Tuesday, December 04, 2012

Can you measure how much are two documents alike?

In my day job as a programmer, I spend a certain amount of time analyzing data, and in the bigger projects there can be millions of records and over a billion individual fields being handled. And each individual field has to be handled correctly by specialized programming routines; designing and testing those is my job. What does that have to do with this blog? Habits carry over from one place to another, and at times I view documents -- for example the gospels, or systematic theology -- as another job in high-volume data analysis. (I know, some people think that sounds really dull. Regardless, it leads to fascinating places.)

I've done a number of word clouds on this blog. They are one way to do a quick, high-level overview of a document. The next question on my mind is: can you get an idea of how closely two documents cover the same material by comparing their word clouds? When you look at a word cloud, you see a graph of the important words for a document. The information used to create that chart is a list of words and a count of how often they appear. I've been looking at ways to take two lists for two documents and estimate how closely those two documents cover the same material. After a few tries that left much to be desired, I have a method which is promising and objective, with the important decisions being based on mathematical criteria rather than human judgment.

What could you gain with a comparison like that? You could get a rough answer to a question like, "How closely does the Gospel of Matthew cover the same material as the Gospel of Mark?" Or "How closely does the Gospel of John cover the same material as the Gospel of Matthew?" How about comparing Paul's letters to the gospels to see how closely they track each other? How about comparing the "alternative" gospels to the Bible's gospels? How about comparing a catechism or some writer's systematic theology to the gospels, or the New Testament, or the Bible as a whole? How about comparing the holy books of one religion to another, to get a feel for similarities and differences?

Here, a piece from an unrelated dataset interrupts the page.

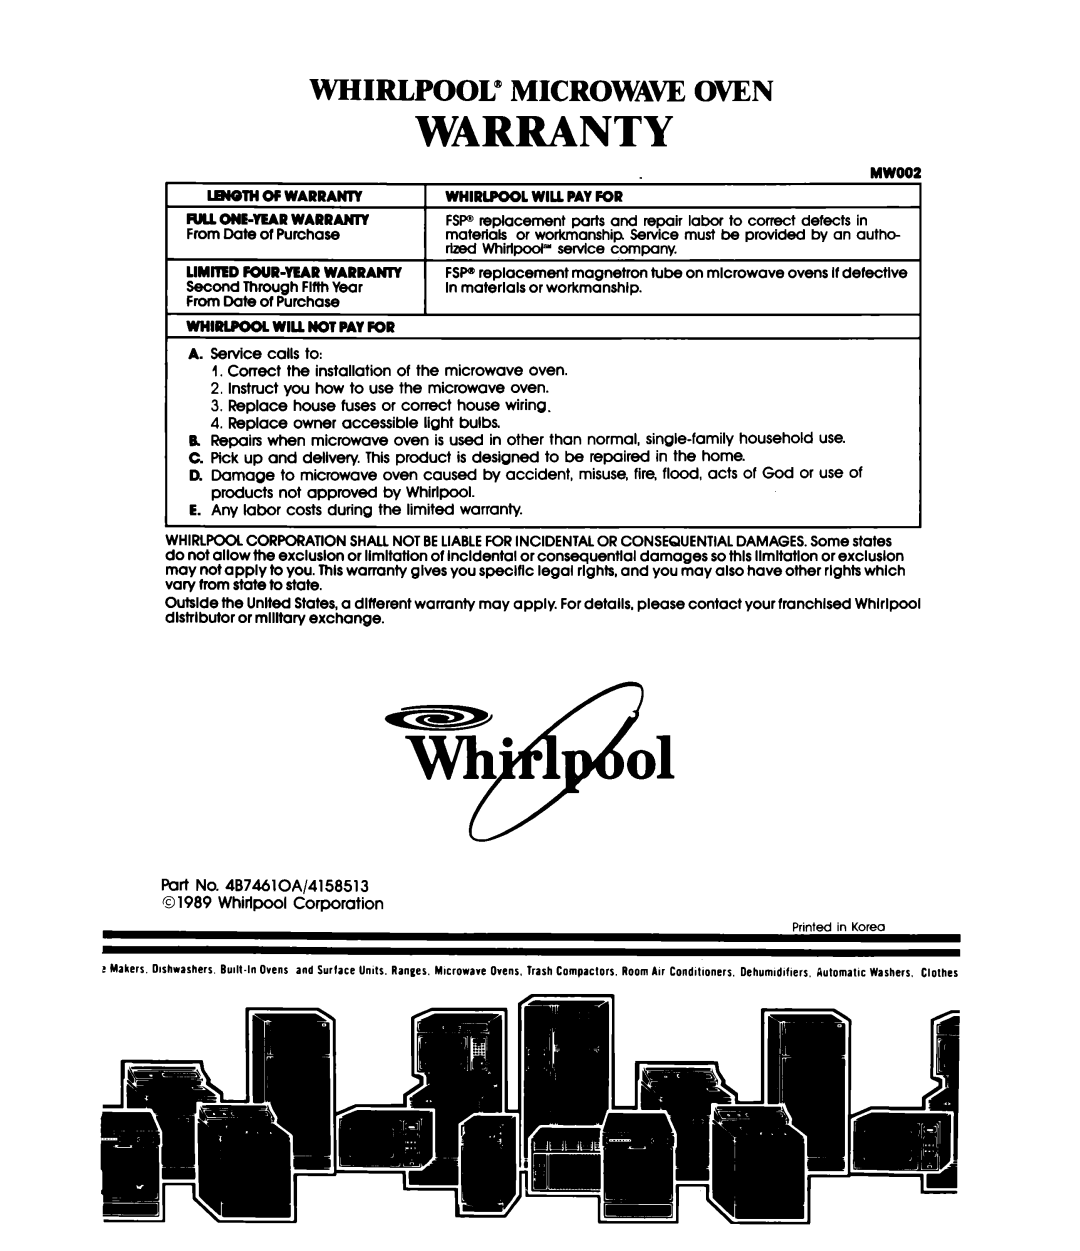 Whirlpool MW1200XW manual Warranty, MWOOi, l.W@THOFWARRANTY, Whirlpool” Microwa~ Oven

In upcoming posts I'm hoping to start exploring some of those questions and their answers. In a future post I will also give the mathematics and logic of how the comparison is done, for those interested. Below is the other major point for a general reader: the most important limits of the method.

Limits of the method

The first limit of the method comes from the fact that it is based on word counts: the content is summed up at the word level, without the phrases or thoughts or the relationships connecting them, without any sense of intent or purpose, logic or history. It would be possible for two authors to take very different approaches to the same concepts, and this particular method could not tell the difference if the authors used the same words at roughly the same frequency.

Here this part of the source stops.